- Gwebin Location in Burma
- Coordinates: 22°54′N 96°5′E﻿ / ﻿22.900°N 96.083°E
- Country: Burma
- Region: Mandalay Region
- District: Pyin Oo Lwin District
- Township: Mogok Township
- Time zone: UTC+6.30 (MST)

= Gwebin =

Gwebin is a village in Mogok Township, Pyin Oo Lwin District, in the Mandalay Region of central Burma. It is located 16 mi west of Mogok. A track (National Road 311 and National Highway 31) connects it to Shwenyaungbin and Mogok.

==History==
The Mogok valley is notable for its ruby and sapphire mining, and Burma Ruby Mines Ltd. has operated in the area for decades. However, the village of Gwebin is noted in particular for its unusually large sapphire stones. On August 12, 1929, a group of laborers discovered a record 958 carat doubly truncated bipyramid sapphire near Gwebin which sold for £13,000 to a New York dealer who later cut it into nine different stones. In the Mogok valley, the crystals occur in metamorphic limestone, which due to weathering turns into a yellowish clay.

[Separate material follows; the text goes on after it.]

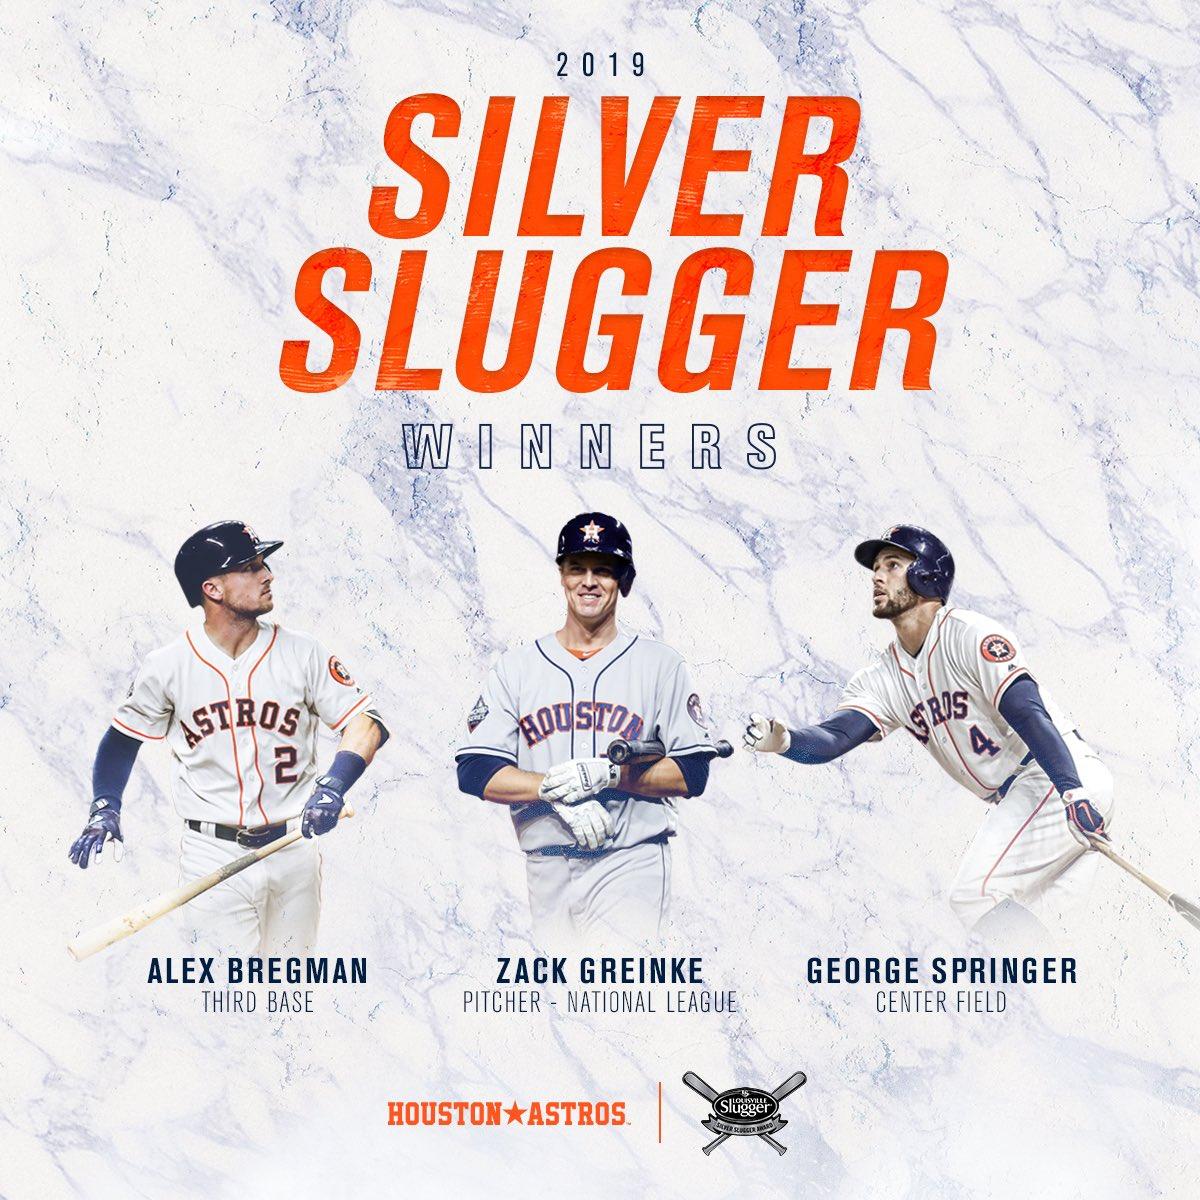 🗣 stick talk 🗣 Congratulations to Greinke, @ABREG_1 and @GeorgeSpringer on winning Silver Slugger Awards!
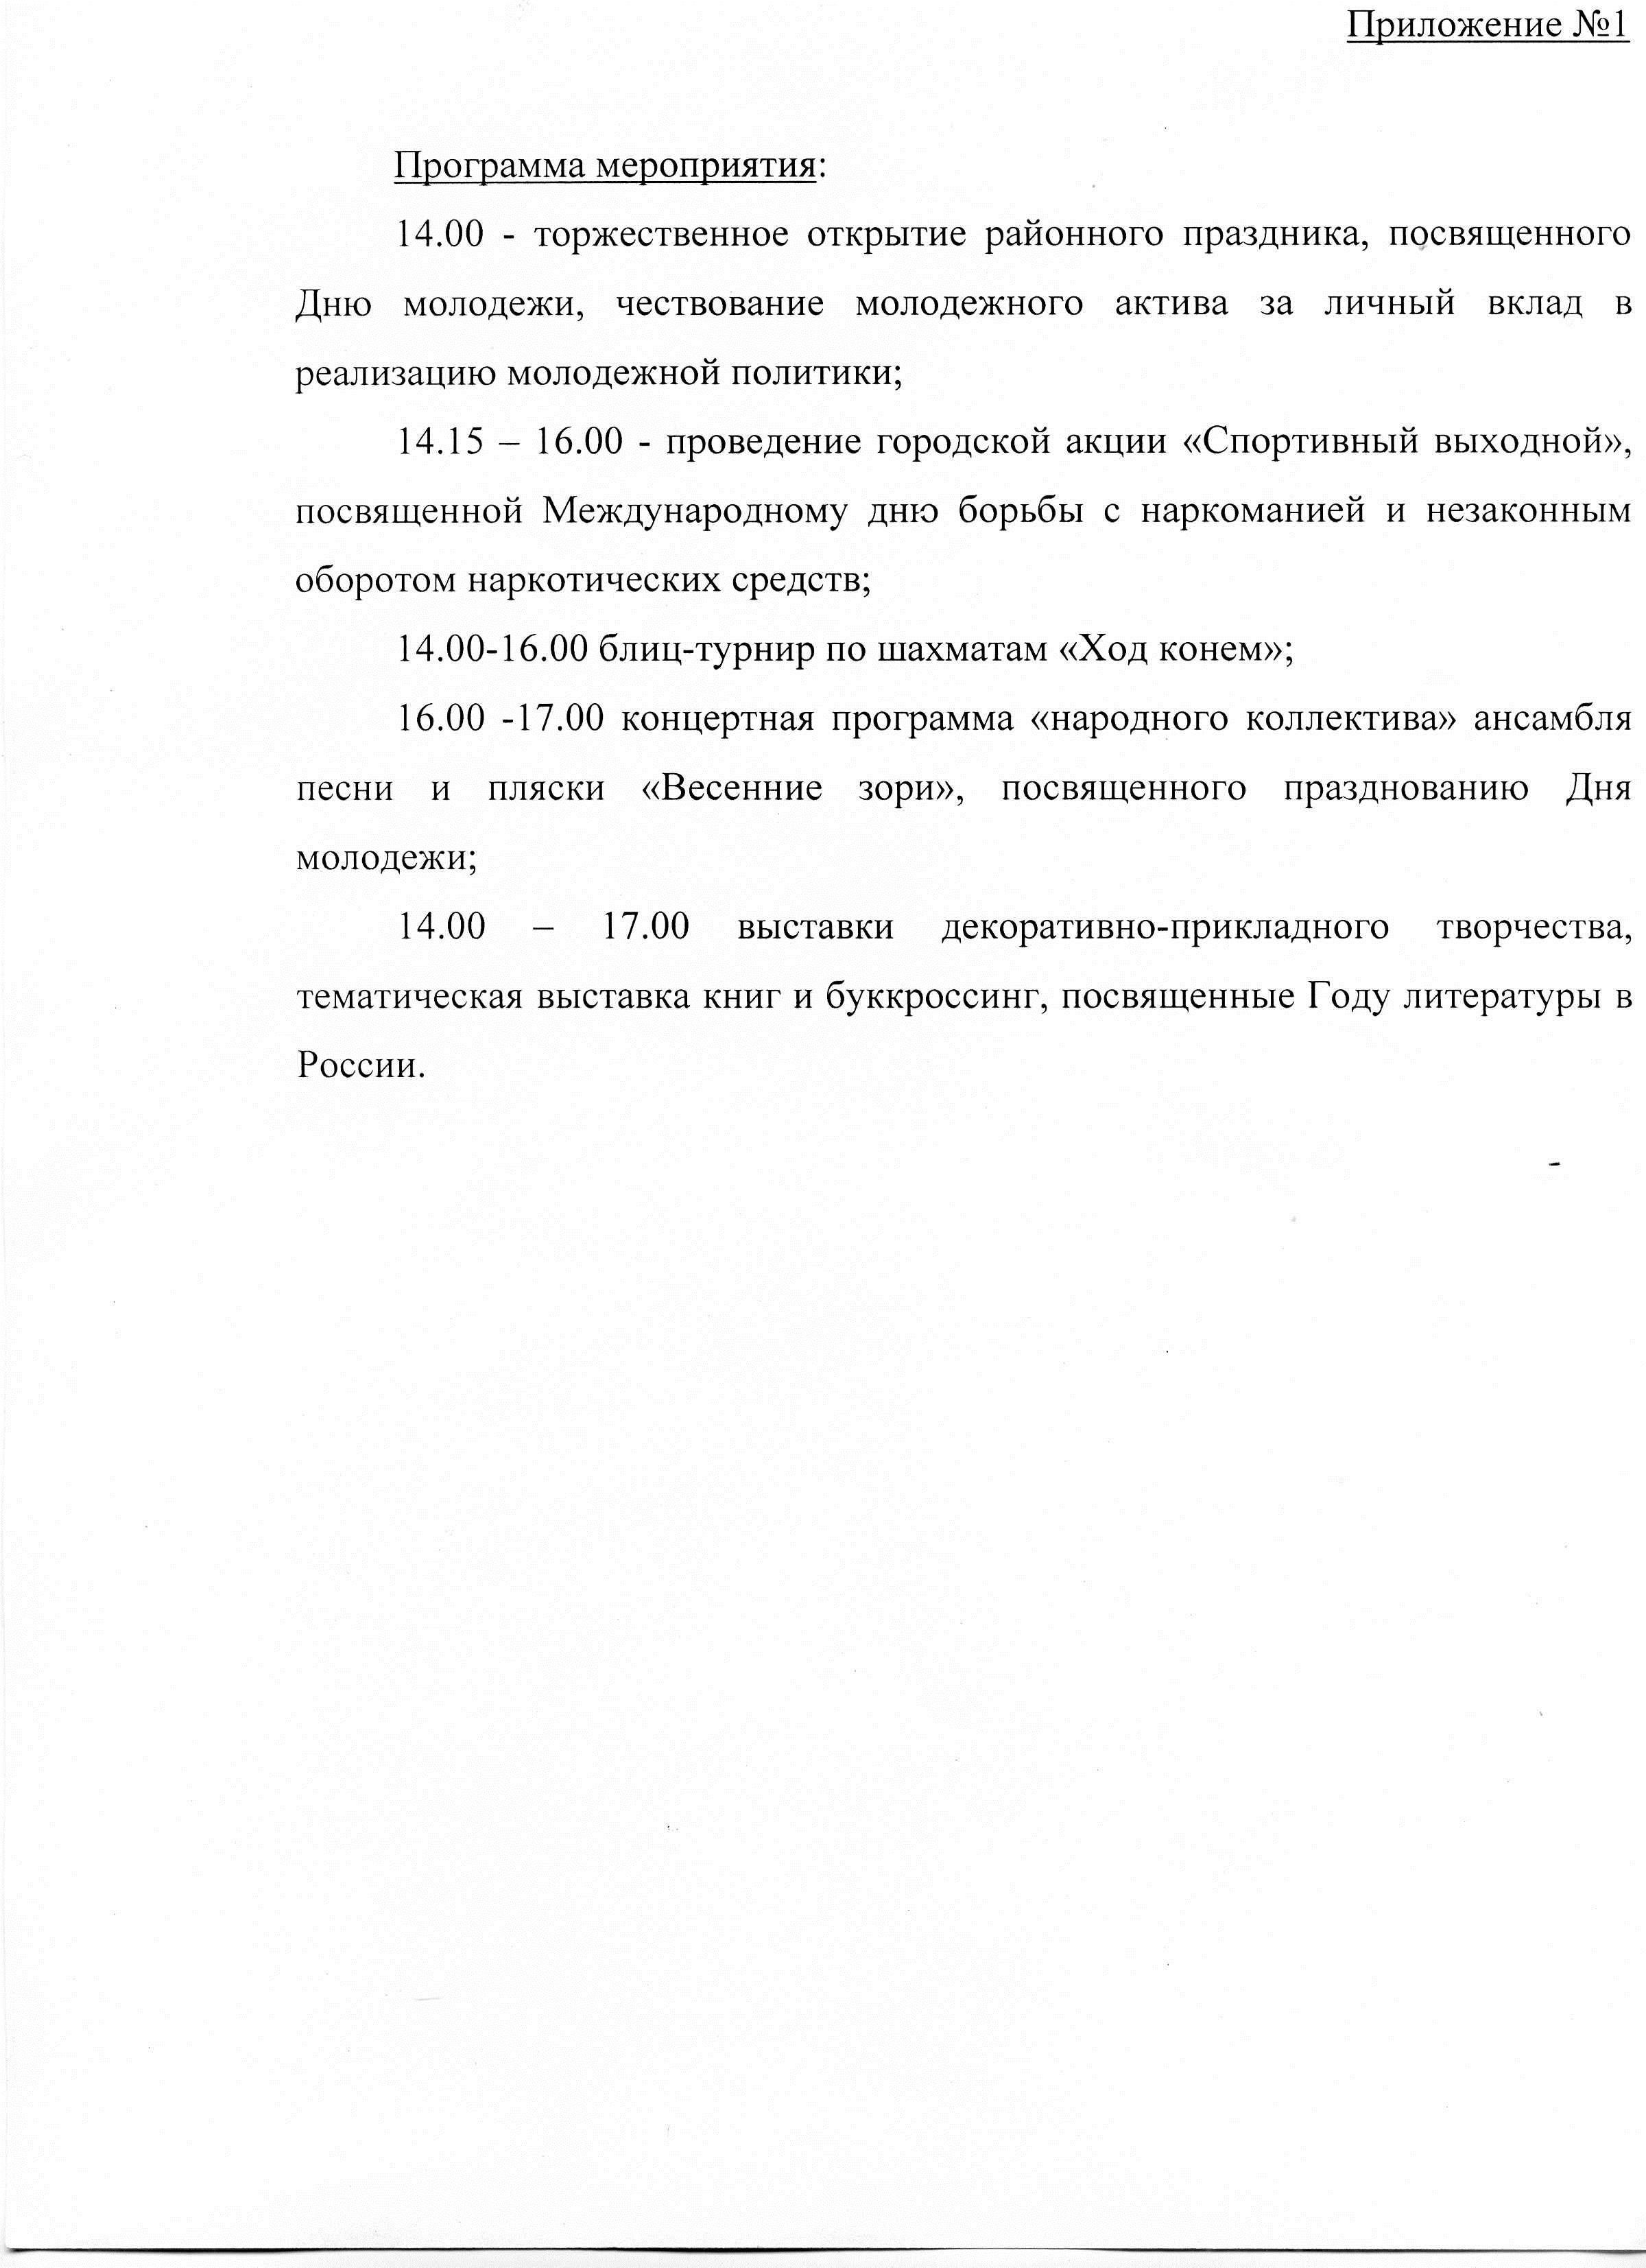 http://sg.uploads.ru/7acr4.jpg

Gwebin was occupied by the Japanese during World War II. Later, the 18th Allied troops were forced to retreat in vehicles three miles to the north of Gwebin and were seen two days later at Ywathit.

In February 1994, another massive 502 carat sapphire was unearthed near Gwebin.

==Geography==
Gwebin is located in northern-central Burma. It lies off National Road 311, which after a short way southeast of the village to Wabyudaung, merges with the National Highway 31 which connects it to the township seat of Mogok in the east. Several miles to the west of the village is the Irrawaddy River, flowing southwards. This is the country's largest river and most important commercial waterway. The 311 road connects the village to Thabeikkyin on the eastern bank of the river and to Kyaukkyi to the north of Gwebin.